17. The Medical report produced at the Trial Court in Kitui CMCC No. 355 of 2012 had no mention of difficulty in walking or lifting heavy objects and was not prepared by a Dr. Kamulu but by Dr. Judith Kamuyu who stated that the Applicant has ‘‘suffered soft tissue injuries and had satisfactorily recovered.’’
18. It is clear as day therefore that there was no error of fact on the face of the record at all to warrant a review. I do not find any sufficient reason advanced by the Applicant to invoke my revisionary powers. The Applicant may be aggrieved by the finding of this court and he has every right to feel that way but the avenue to address any grievance regarding the finding of this court is through an appeal. This is because this court rendered itself fully on what the Applicant raised in his grounds of appeal which hinged on the trial court’s finding on what was adduced and proved during trial.
This court re-evaluated the evidence tendered and perused through the pleadings of the Applicant and this court found that the trial court was correct in its findings. What was specifically pleaded was not in tandem with what was adduced and proved at the trial. That was it. This court specifically pointed out that the Applicant ought to have resorted to amending his pleadings if he realized that there was some inconsistency like he did when he realized that the motorcycle described in his plaint was not the one he was riding in. The basis for that is that a party is bound by his pleading as clearly provided under Order 2 Rules 3 and 4 of the Civil Procedure Rule. This is further illustrated in the case of DARE VS PULHAM [1982] 148, C.L.R. 658 where a High Court in Australia described the purpose of pleadings as follows:-
‘‘Pleadings and particulars have a number of functions; they furnish a statement of the case sufficiently clear to allow the other party a fair opportunity, they define the issues for decision in the litigation and thereby enable the relevance and admissibility of evidence to be determined at the trial and they give a defendant an understanding of a Plaintiff’s claim in aid of the defendant’s right to make a payment into court…’’
19. This court finds that there is no discovery of any new evidence. The medical evidence on Page 85 of the Record of Appeal was duly considered by this court. There is no sufficient cause demonstrated for review.

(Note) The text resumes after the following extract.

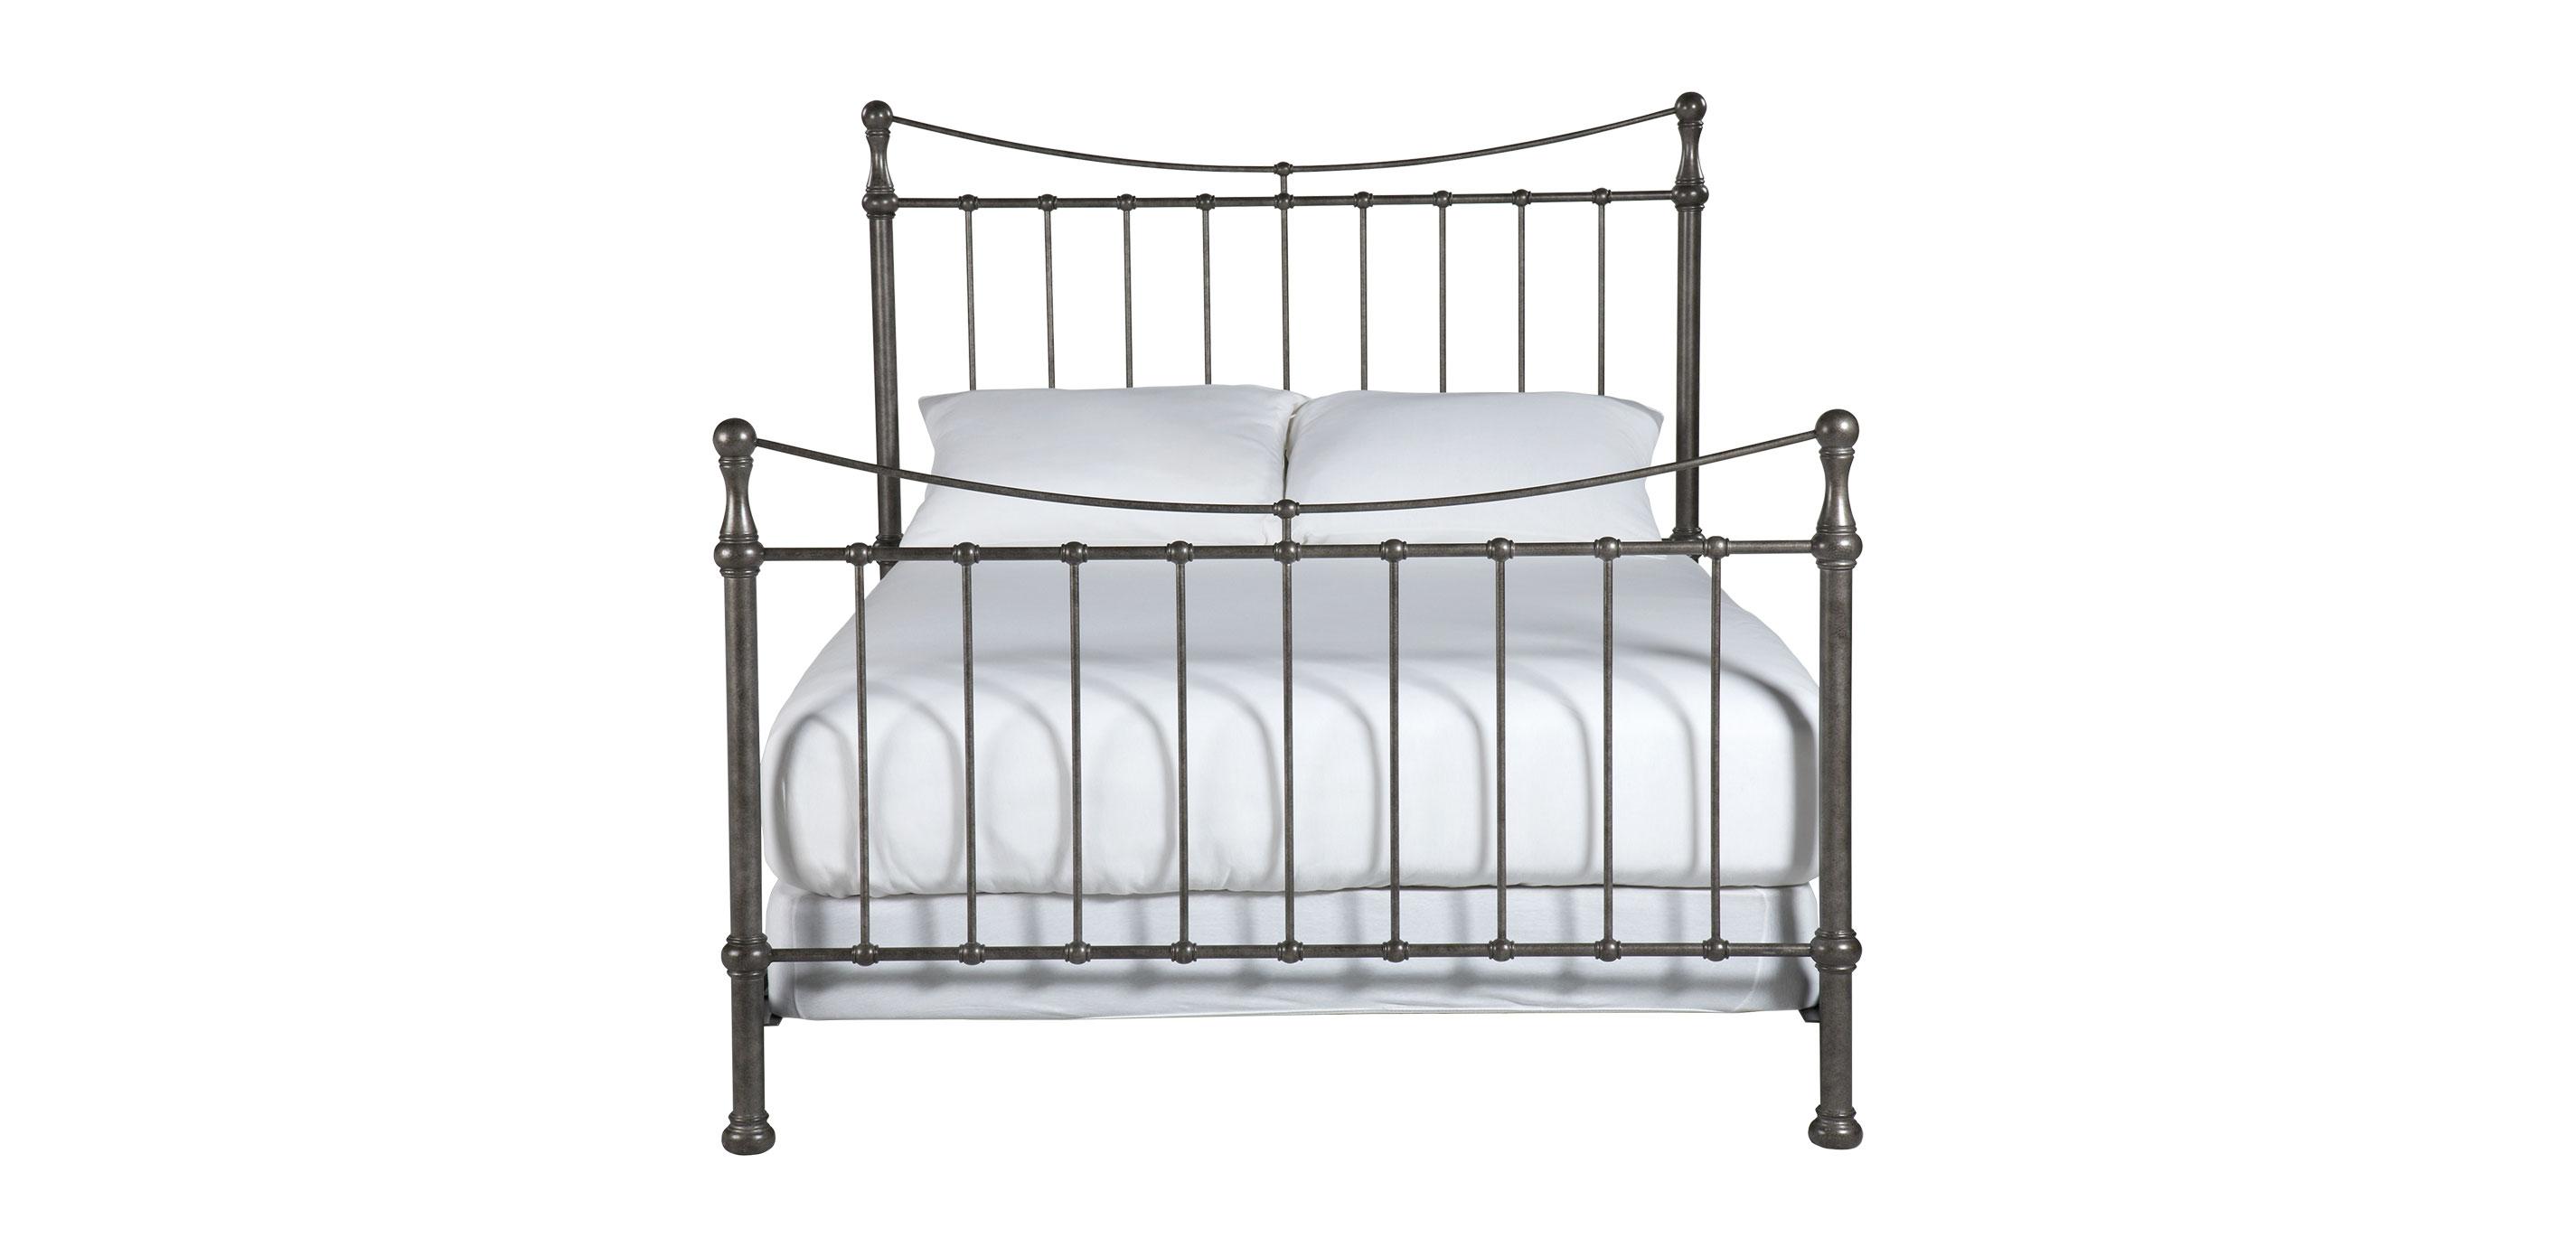 with footboard allen shop us beds high bedroom front ethan nn ethanallen s headboard furniture quinn en gray bed large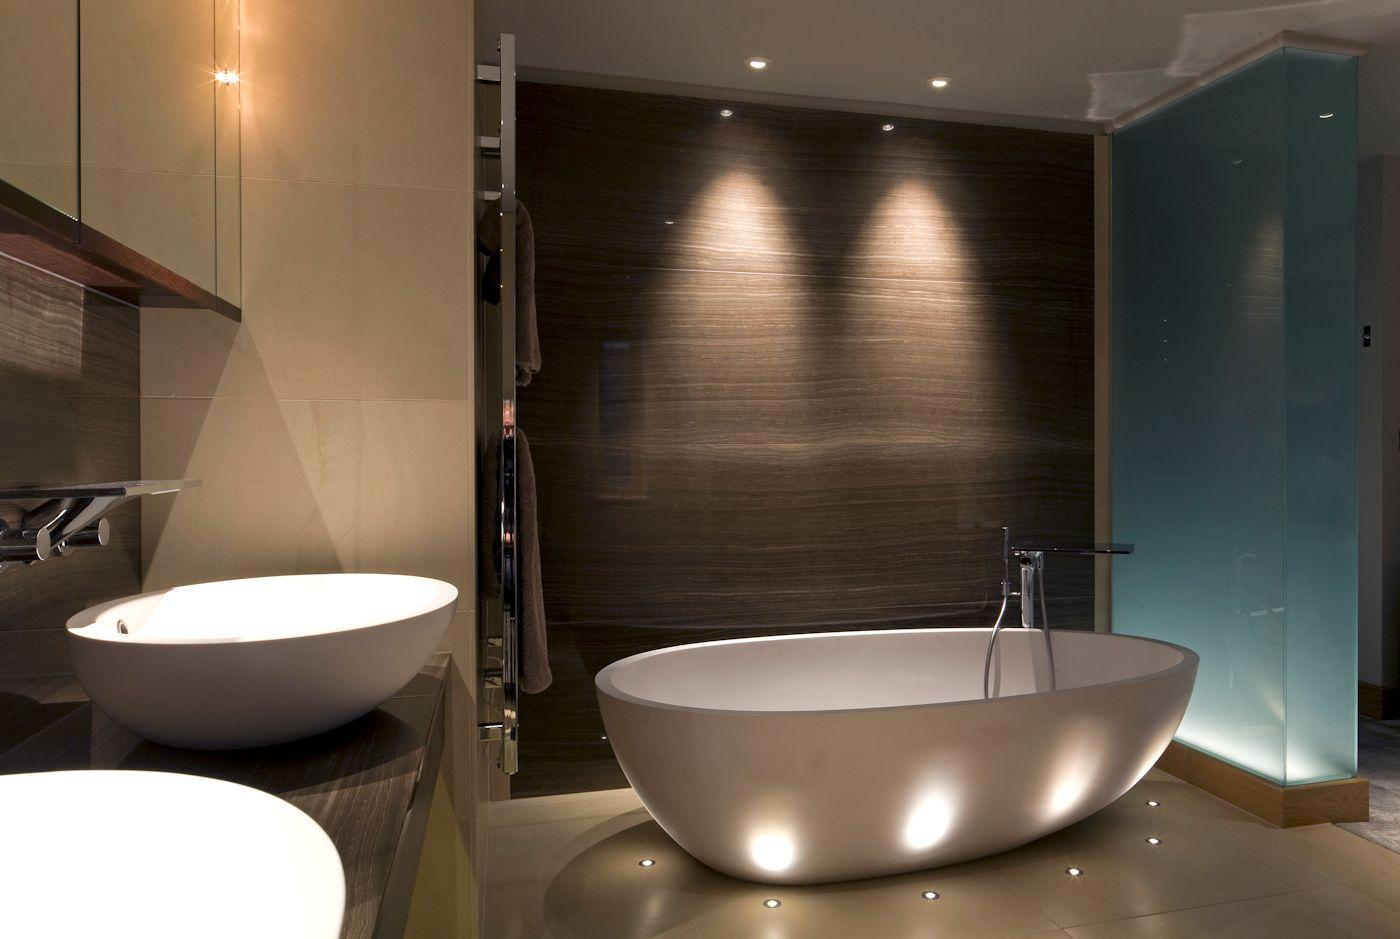 Bathroom Spotlights Design Bathhroom Accessories inside size 1400 X 939

20. From the foregoing, it is evident that this court fully rendered itself on the issues posed by the appeal placed before me. I am not persuaded that there is an error apparent on the face of the record. If there is any error then maybe the Applicant can only grief that there was an error of judgment rather than an error on the face of the record and where a party feels there is an error of judgment he can only appeal because once a court has rendered itself fully on a given issue or subject that has been adjudicated upon it becomes functus officio.
In the premises, this court finds no merit in the Notice of Motion dated 3rd May 2020. The same is dismissed with costs to the Respondent.
DATED, SIGNED, AND DELIVERED AT KITUI THIS 18TH DAY OF OCTOBER 2021.